Солдаты заухмылялись, даже Марек и Сандор хмыкнули. Дженна зарделась, сама не зная отчего, и Катрона, сидевшая рядом, взяла ее за руку.

– Не слушай их. К этому надо привыкнуть. Мужчины, когда их соберется много, несут такое, что только диву даешься.

– Мне до этого дела нет – я не понимаю даже, о чем они говорят.

– Чего ж ты тогда покраснела, как юная девица на придворном балу?

Дженна повернула на мизинце кольцо жрицы.

– Сама не знаю. И что такое бал, я тоже не знаю.

Король, посмеявшись со своими людьми, хлебнул вина.

– Этот брак был ошибкой, которой не замедлил воспользоваться Калас. Впрочем, не будь этого предлога, Калас сыскал бы другой.

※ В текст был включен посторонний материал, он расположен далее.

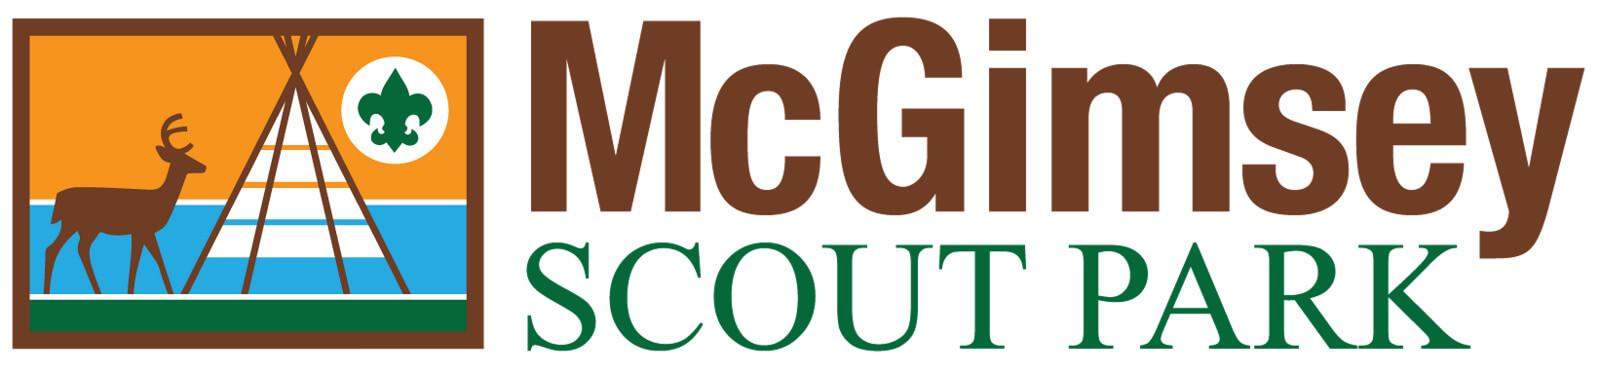 mcgimsey-scout-park-banner

Он начал распускать слухи, и в тавернах засверкали ножи, а в королевские ворота полетели камни. Калас обещал сохранить нашу породу от нечистой крови Долин. Нечистой! Точно мы все эти четыреста лет не плодили детей по всем Долинам! На этом острове не осталось ни одного клана с «чистой» кровью с тех пор, как наши предки впервые высадились здесь.

Я с юных лет разводил лошадей и знаю: всякая порода без притока свежей крови вырождается. Кости делаются хрупкими, а члены хилыми. Кровь Долин не ослабила, а укрепила наши кланы – и когда-нибудь мой дядя, лорд Калас, убедится в этом.

– За короля! – воскликнули разом двое воинов, подняв кубки.

– За королевство, – ответил Горум, поднимая свой.

– За Долины, – сказала Дженна, вставая. Предвечерний свет окружил сиянием ее белые волосы, а ветер взвеял выбившиеся из кос прядки.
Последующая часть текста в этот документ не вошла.